### About this exercise
Only the lines from the one containing "The three top" through the end of the data are wanted, reproduced exactly and without pictures.
──────── Data in this exercise ────────
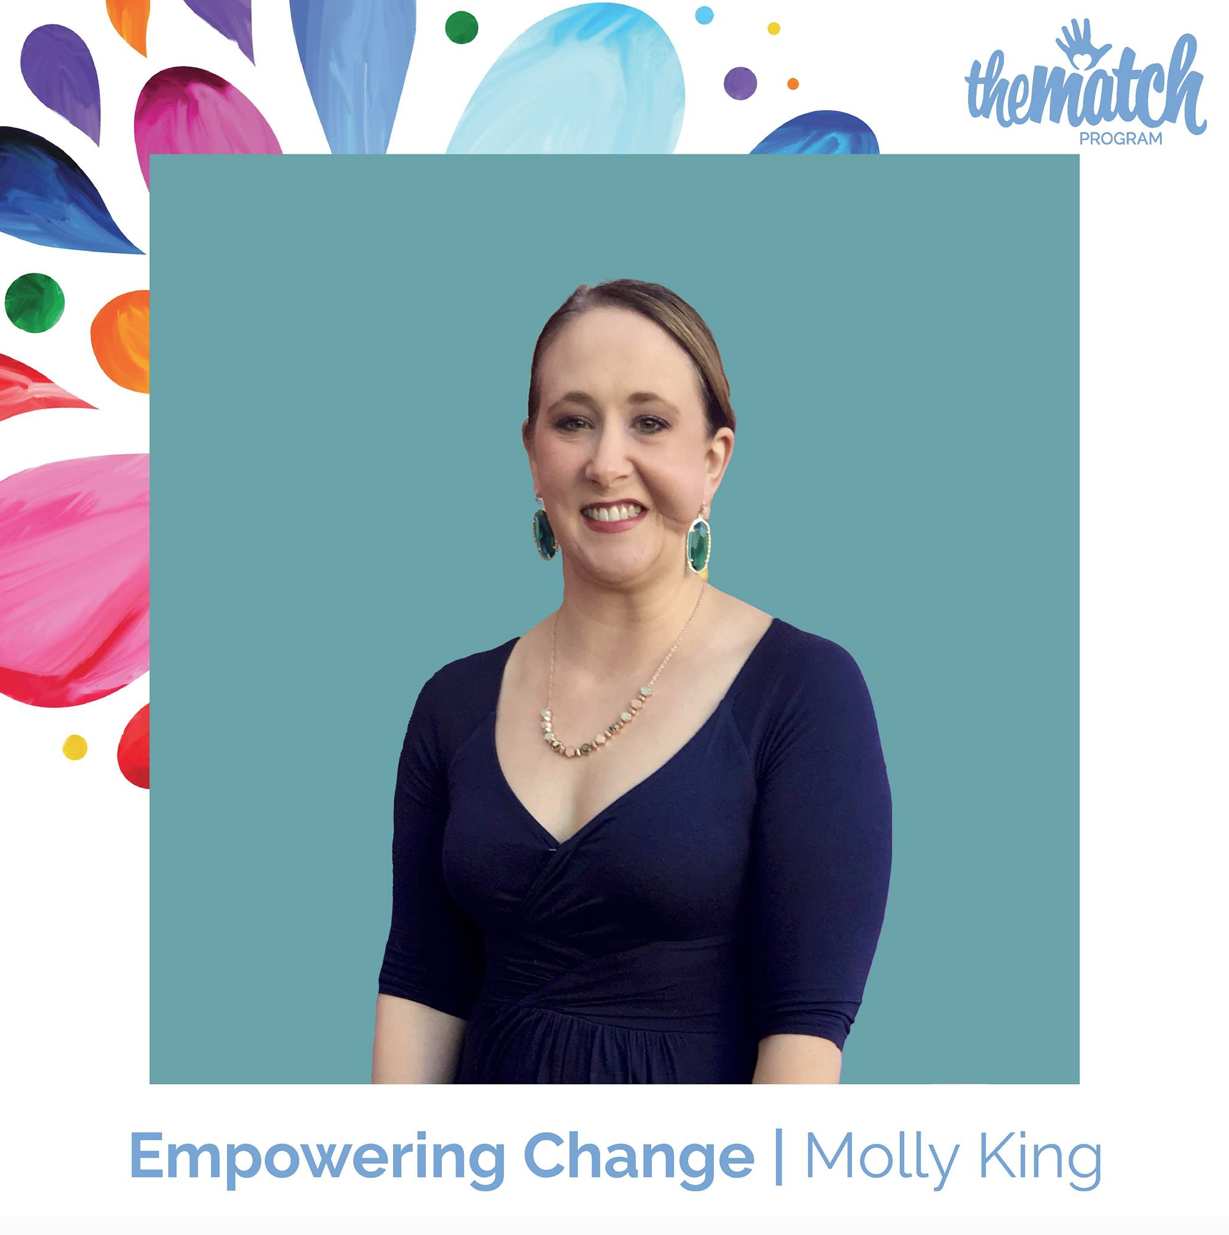 Empowering Change: Molly King
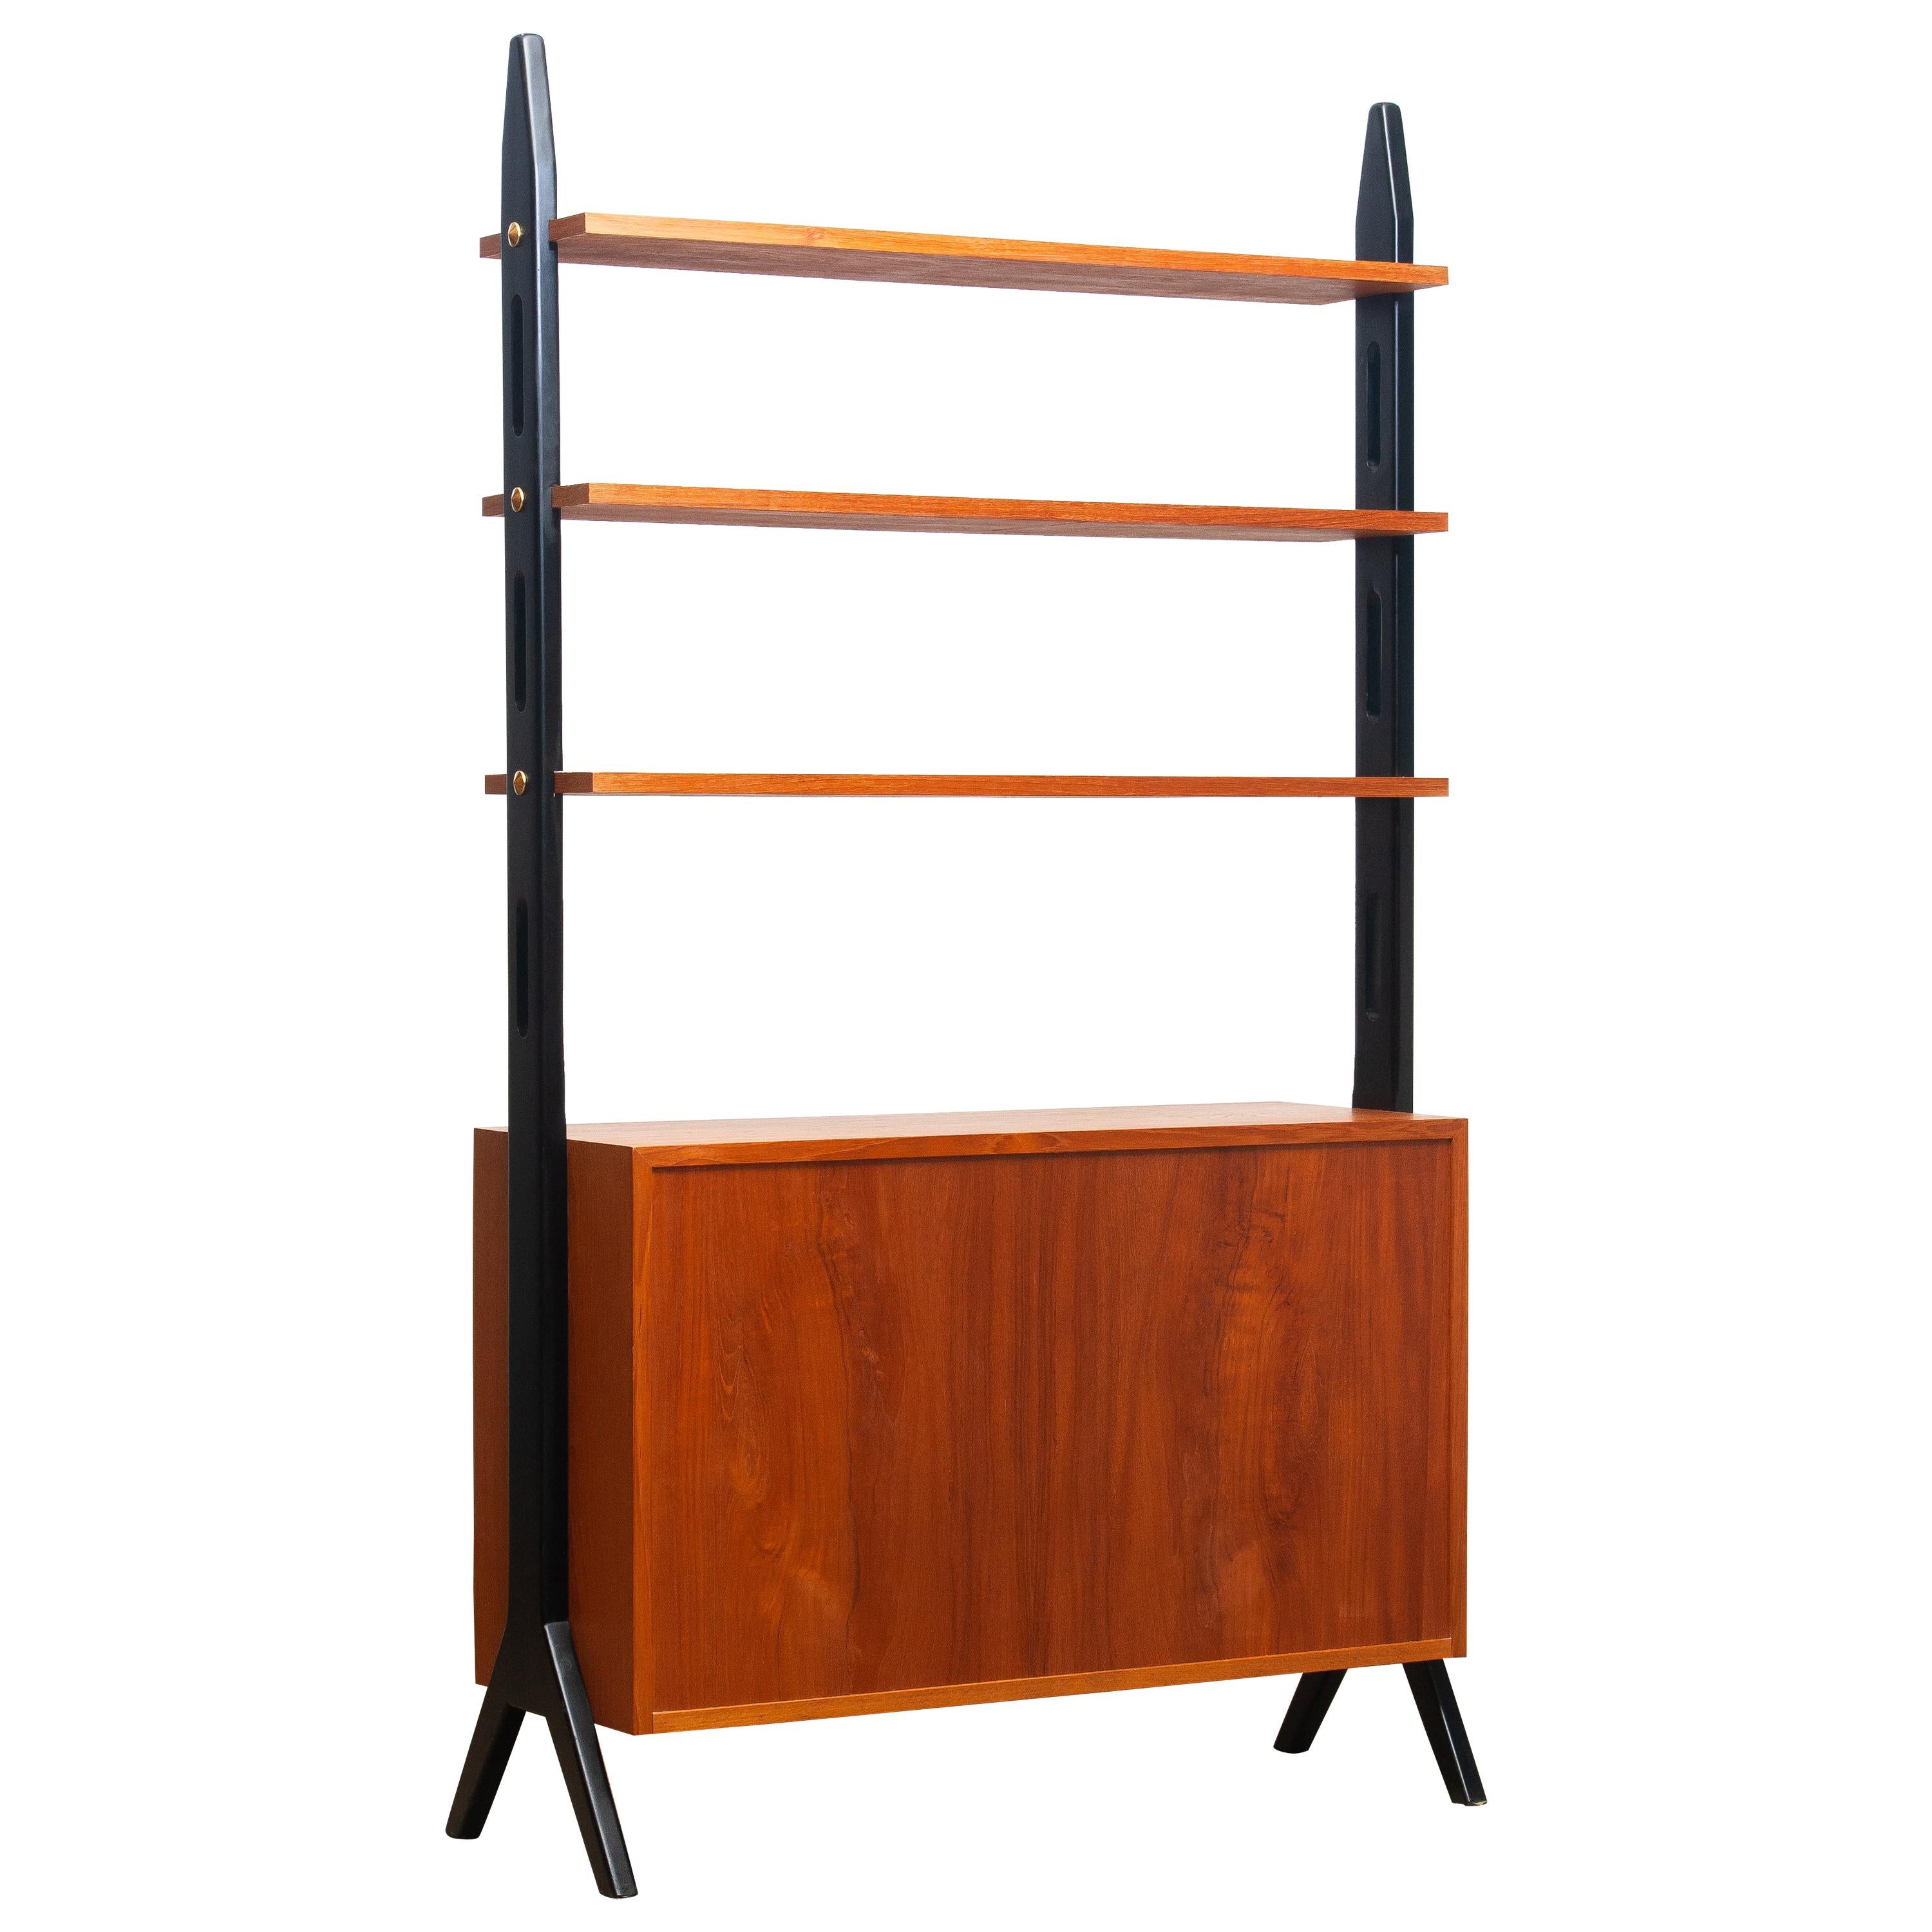 Beautiful Swedish bookcase / room divider / shelf’s made in teak from the 1950s.
Two folding doors, with a lock, inside the cabinet is a shelf that can be adjusted in two positions.
The three top shelf’s are placed in a fixed position.
Overall
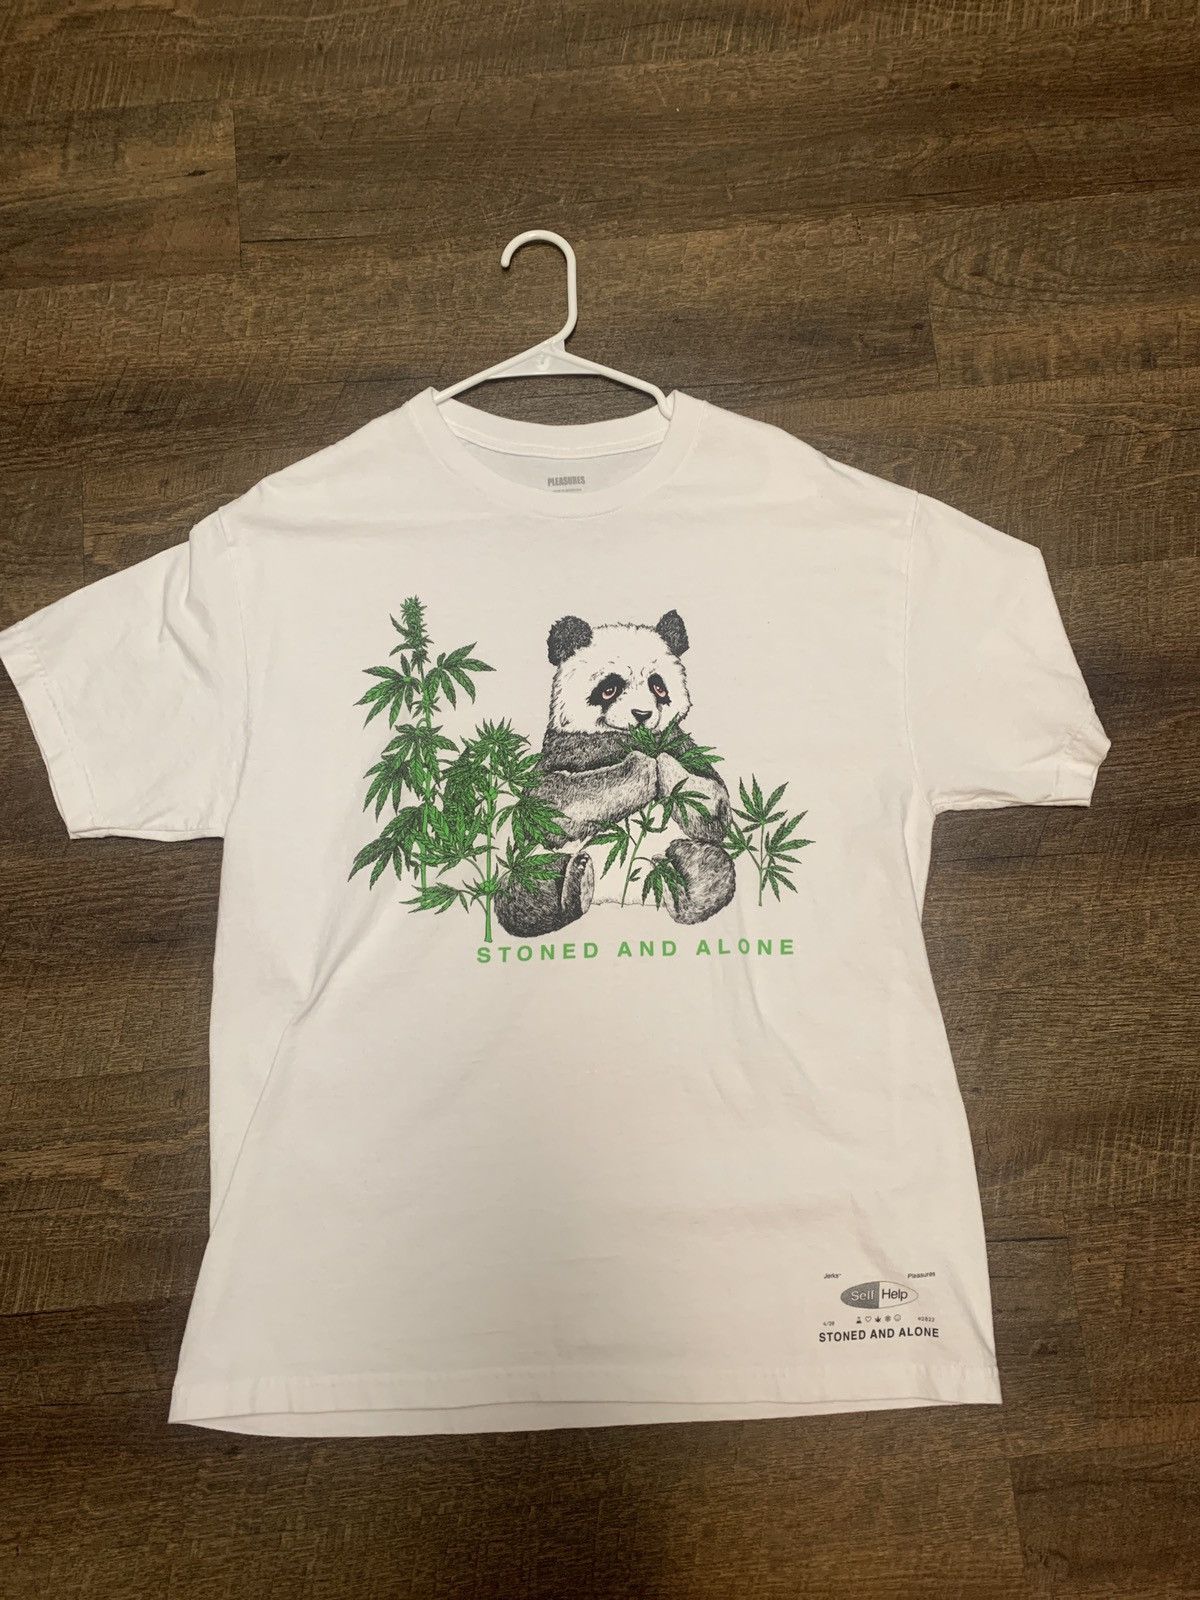 Pleasures Pleasures short sleeve “Stoned and Alone” Size US L / EU 52-54 / 3 - 2 Preview
────────
### Written reply
The three top shelf’s are placed in a fixed position.
Overall
 Pleasures Pleasures short sleeve “Stoned and Alone” Size US L / EU 52-54 / 3 - 2 Preview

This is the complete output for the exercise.